*** Source material Section Begins ***

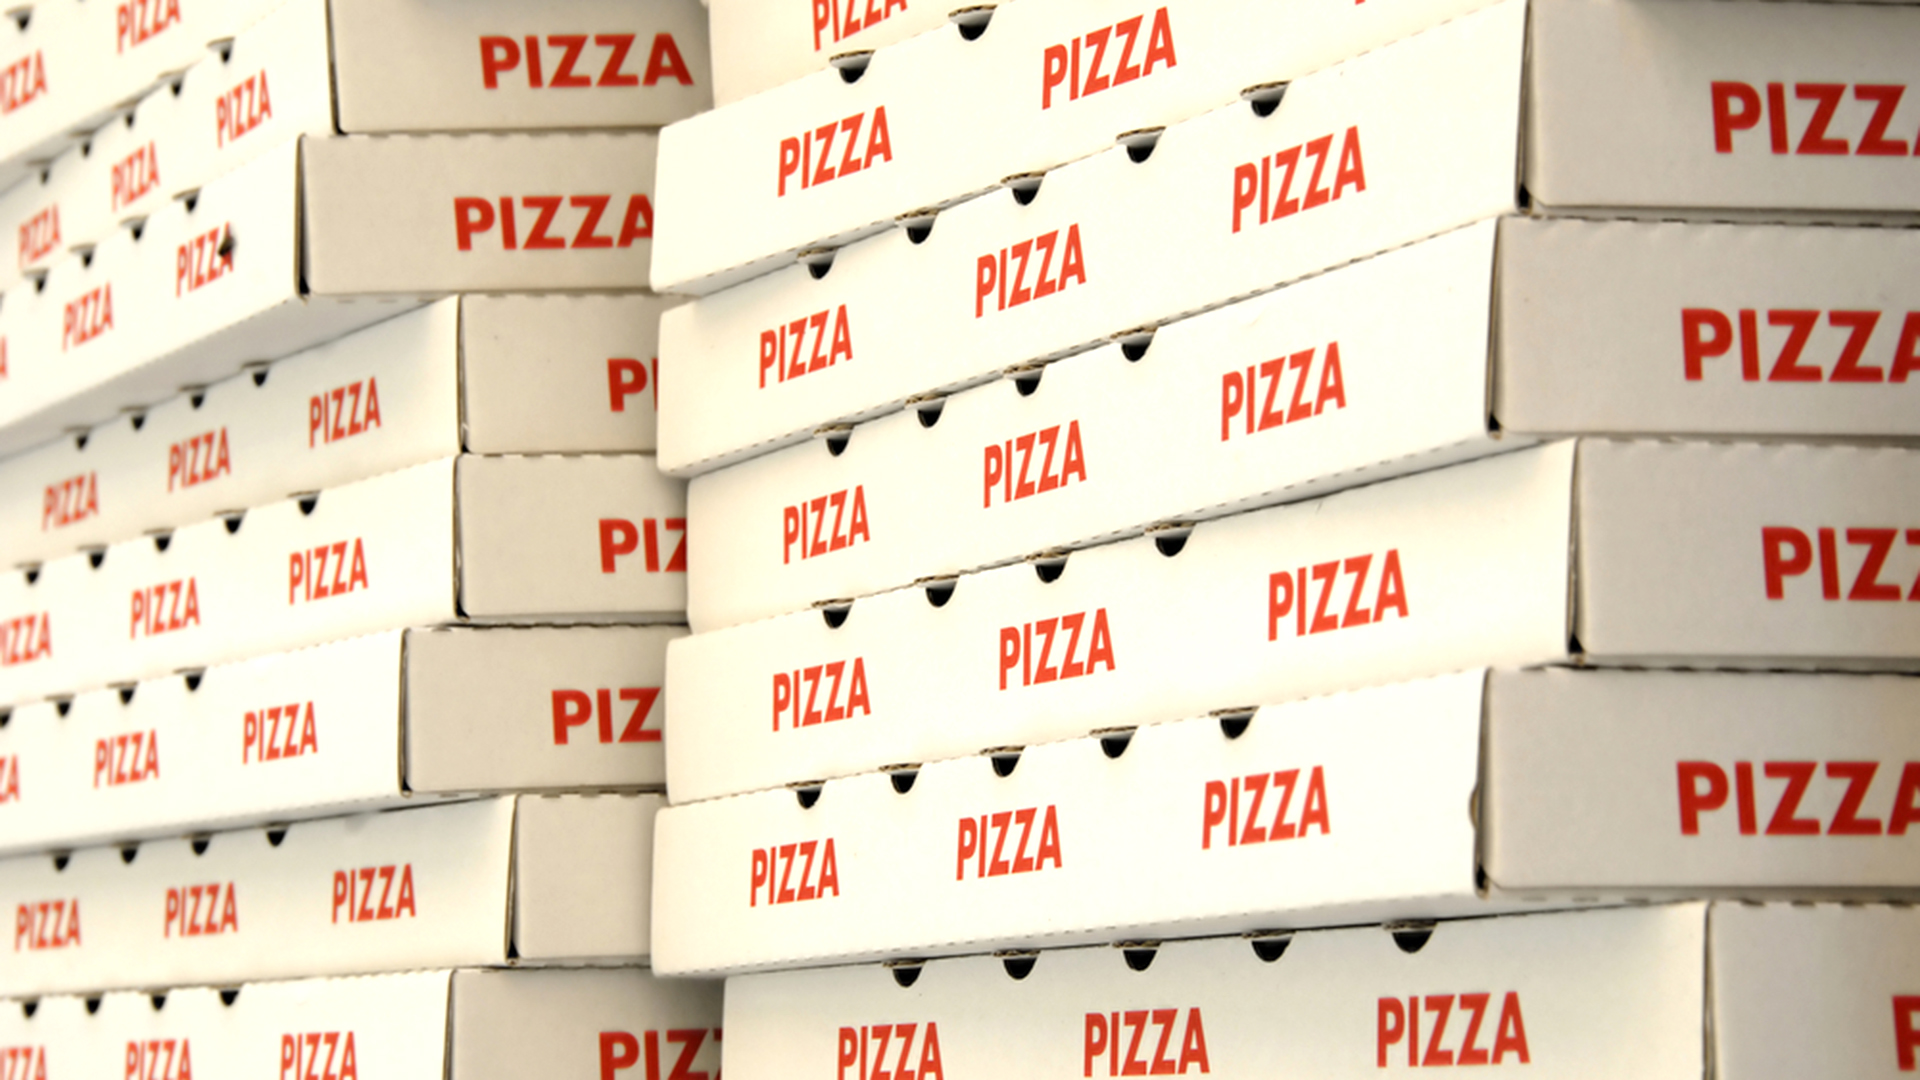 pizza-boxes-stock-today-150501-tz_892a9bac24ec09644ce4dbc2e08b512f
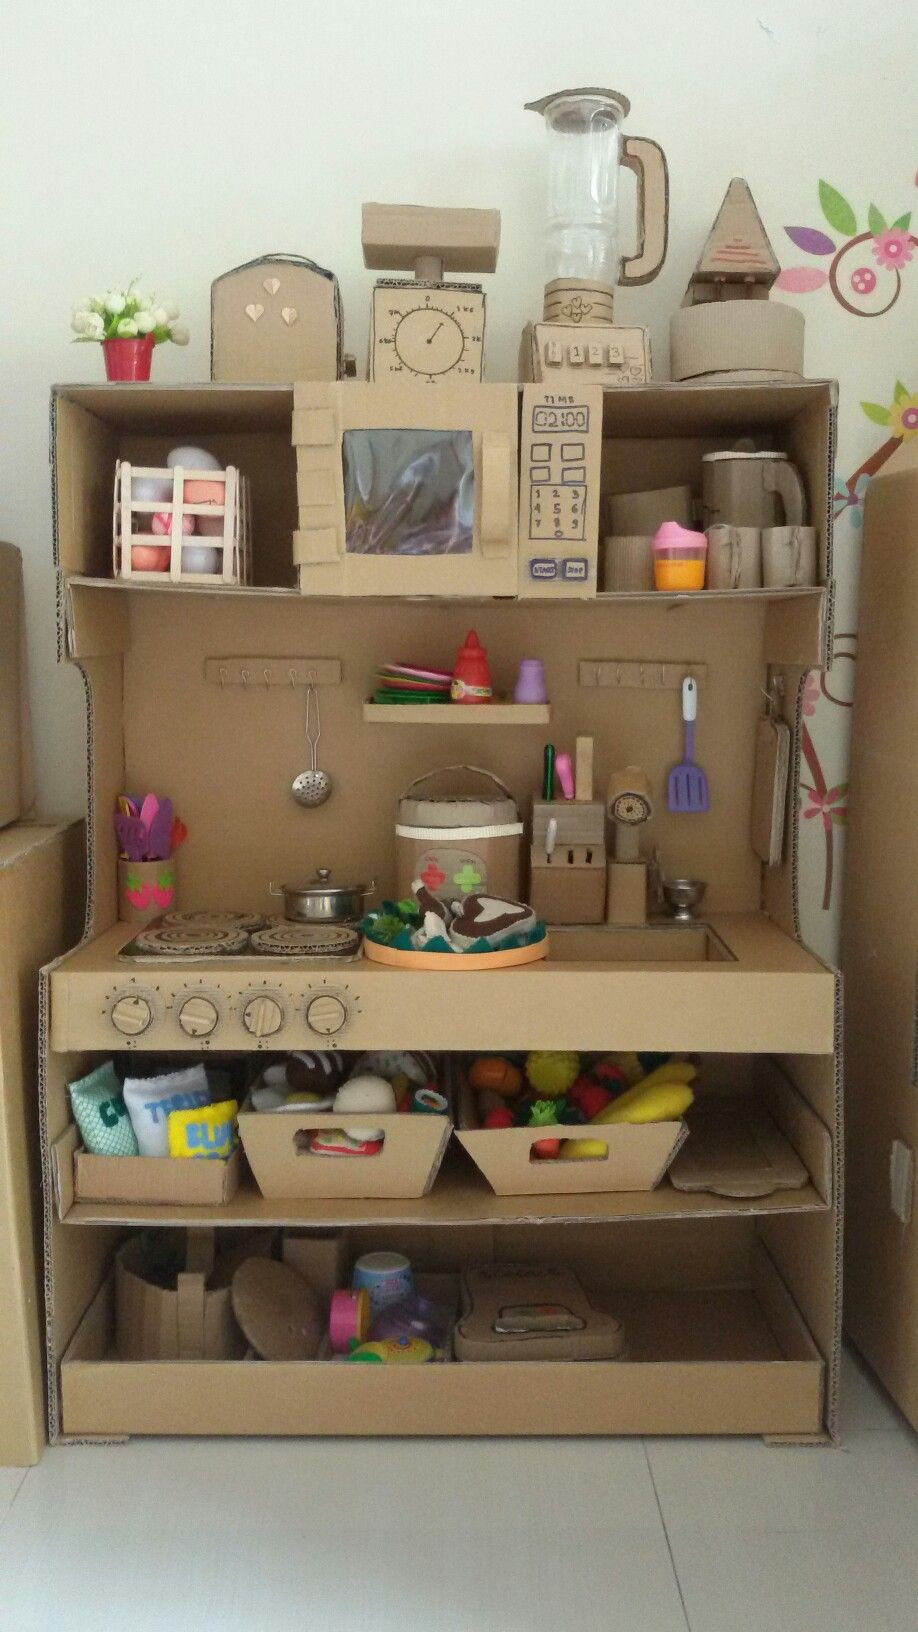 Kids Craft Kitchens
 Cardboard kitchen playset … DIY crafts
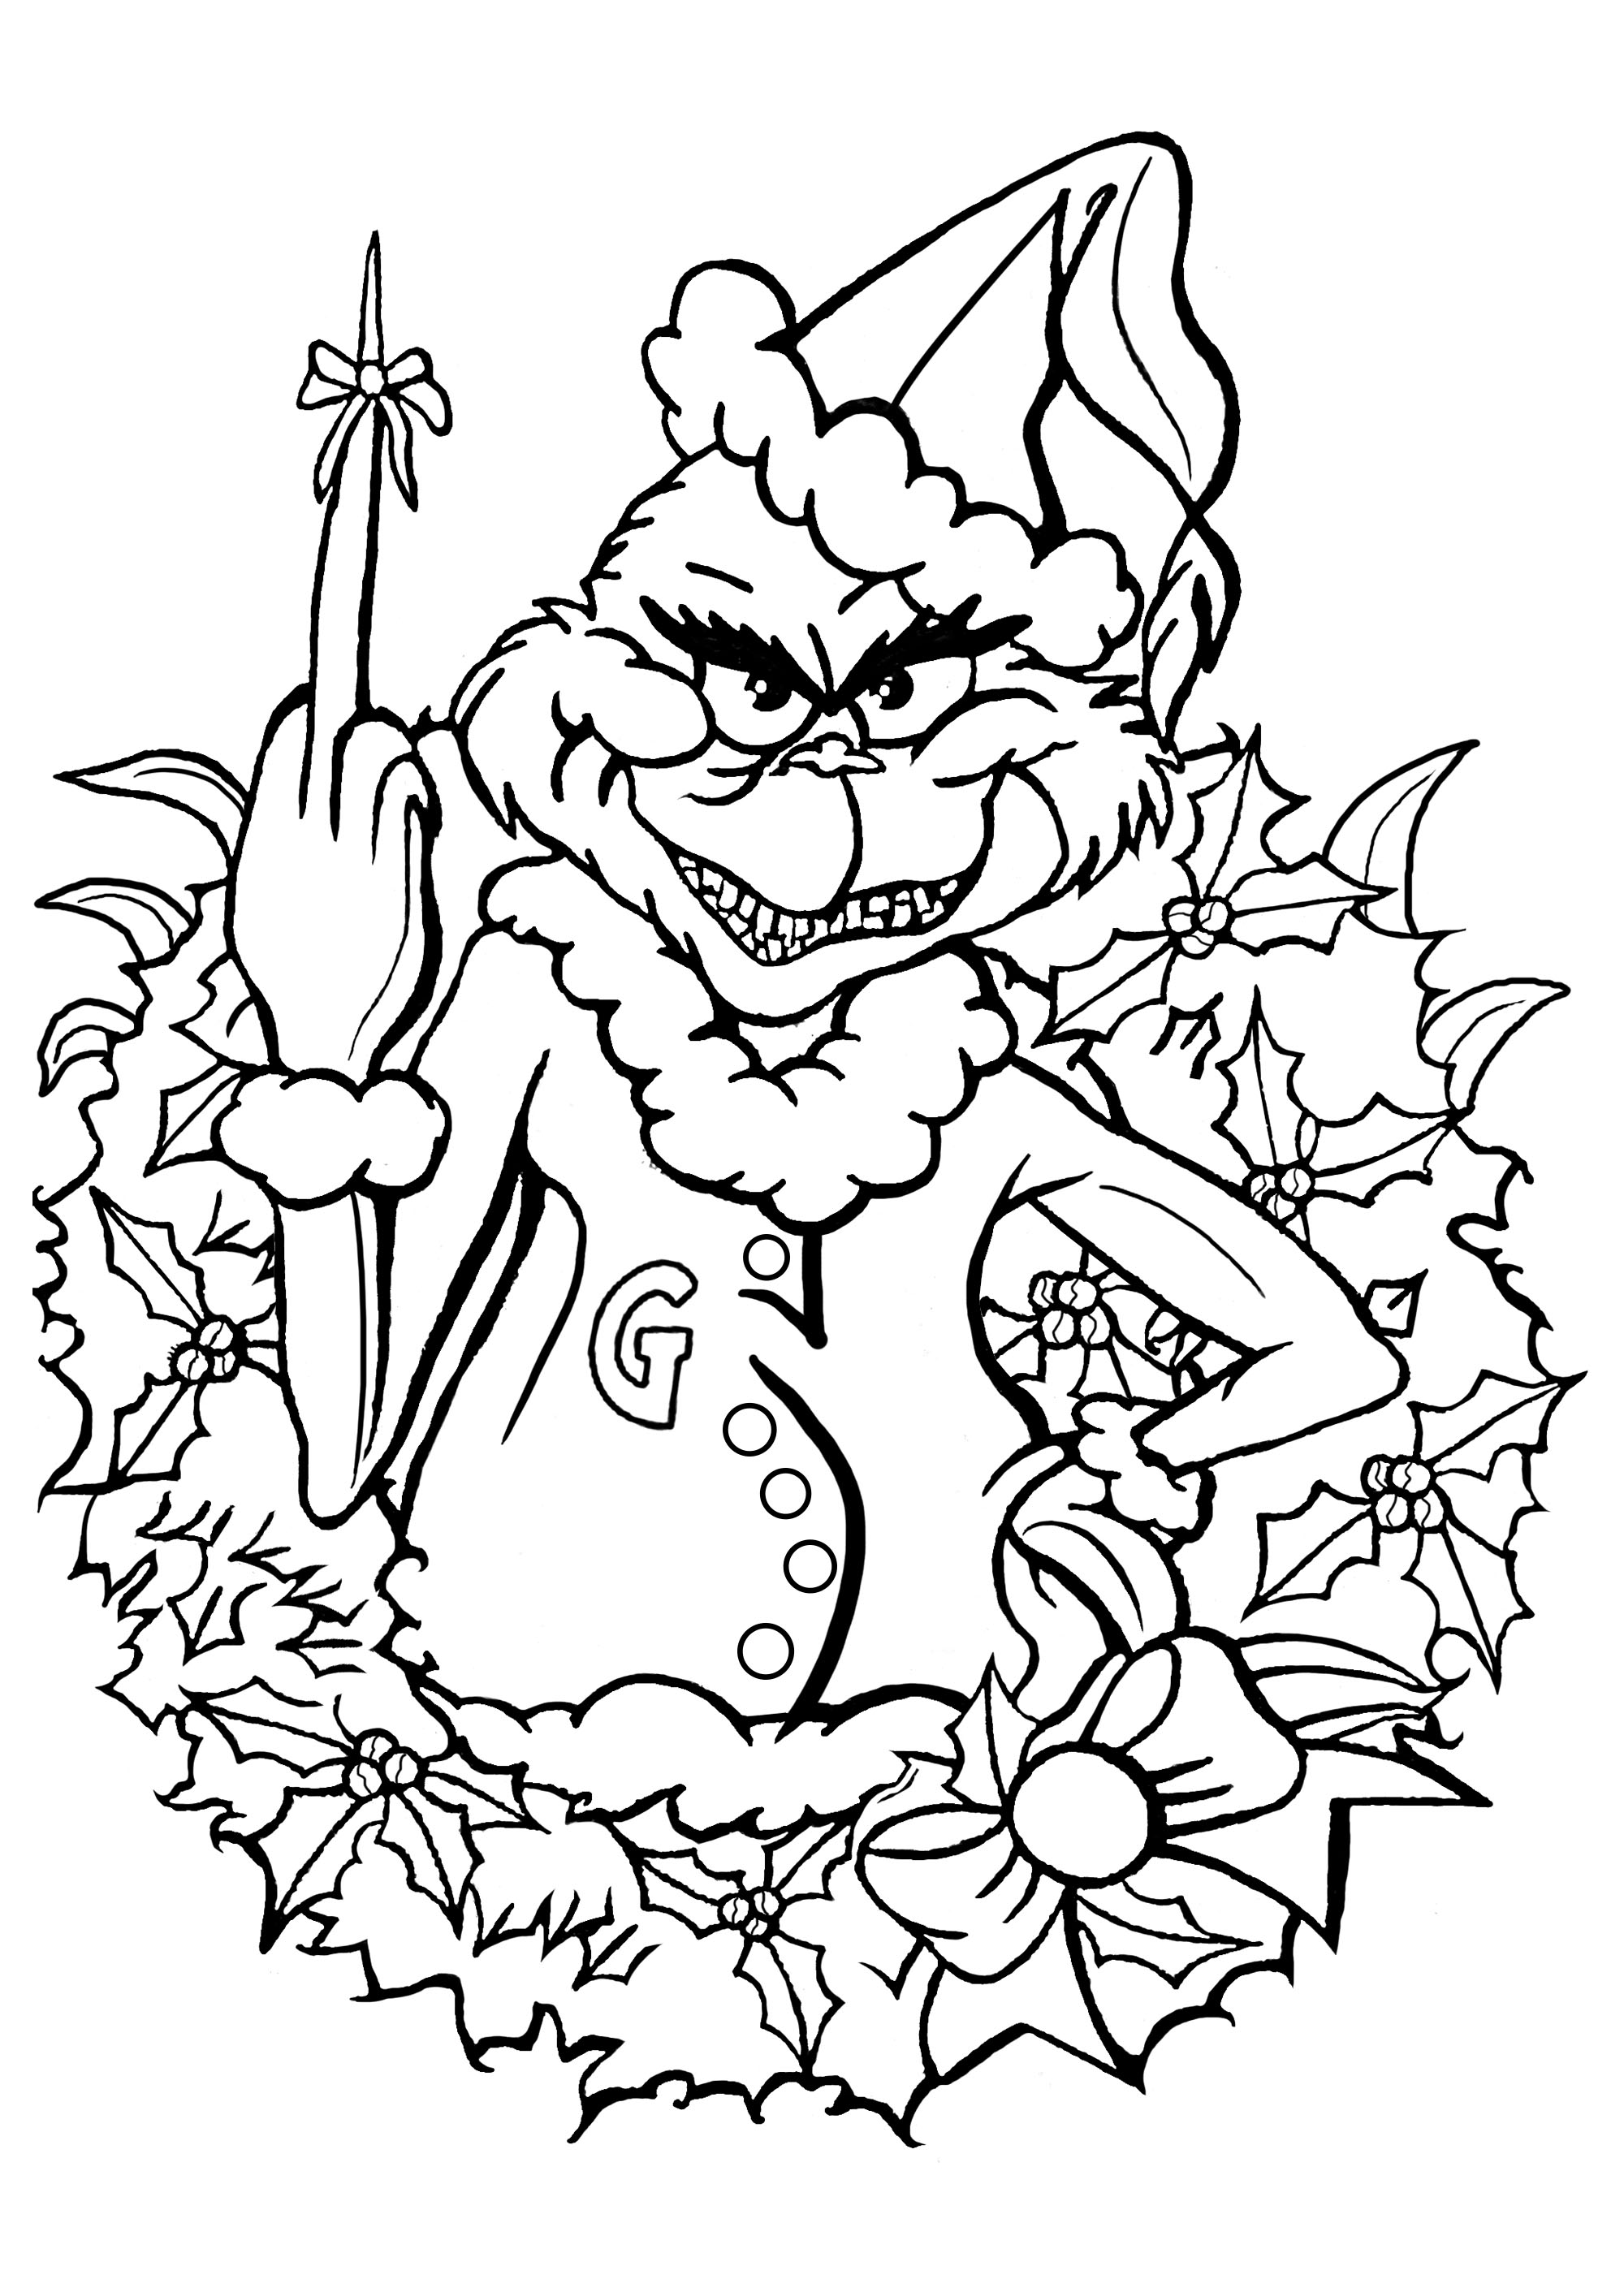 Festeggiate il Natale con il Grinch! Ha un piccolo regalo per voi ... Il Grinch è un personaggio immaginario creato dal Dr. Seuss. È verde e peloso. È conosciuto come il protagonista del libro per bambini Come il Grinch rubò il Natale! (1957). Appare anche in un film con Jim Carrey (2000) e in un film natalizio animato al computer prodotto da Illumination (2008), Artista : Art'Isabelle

*** Source material Section Ends ***

§ Work task
Leave the images out and output the remaining material exactly as it stands.

§ Solved exercise
 pizza-boxes-stock-today-150501-tz_892a9bac24ec09644ce4dbc2e08b512f
 Kids Craft Kitchens
 Cardboard kitchen playset … DIY crafts
 Festeggiate il Natale con il Grinch! Ha un piccolo regalo per voi ... Il Grinch è un personaggio immaginario creato dal Dr. Seuss. È verde e peloso. È conosciuto come il protagonista del libro per bambini Come il Grinch rubò il Natale! (1957). Appare anche in un film con Jim Carrey (2000) e in un film natalizio animato al computer prodotto da Illumination (2008), Artista : Art'Isabelle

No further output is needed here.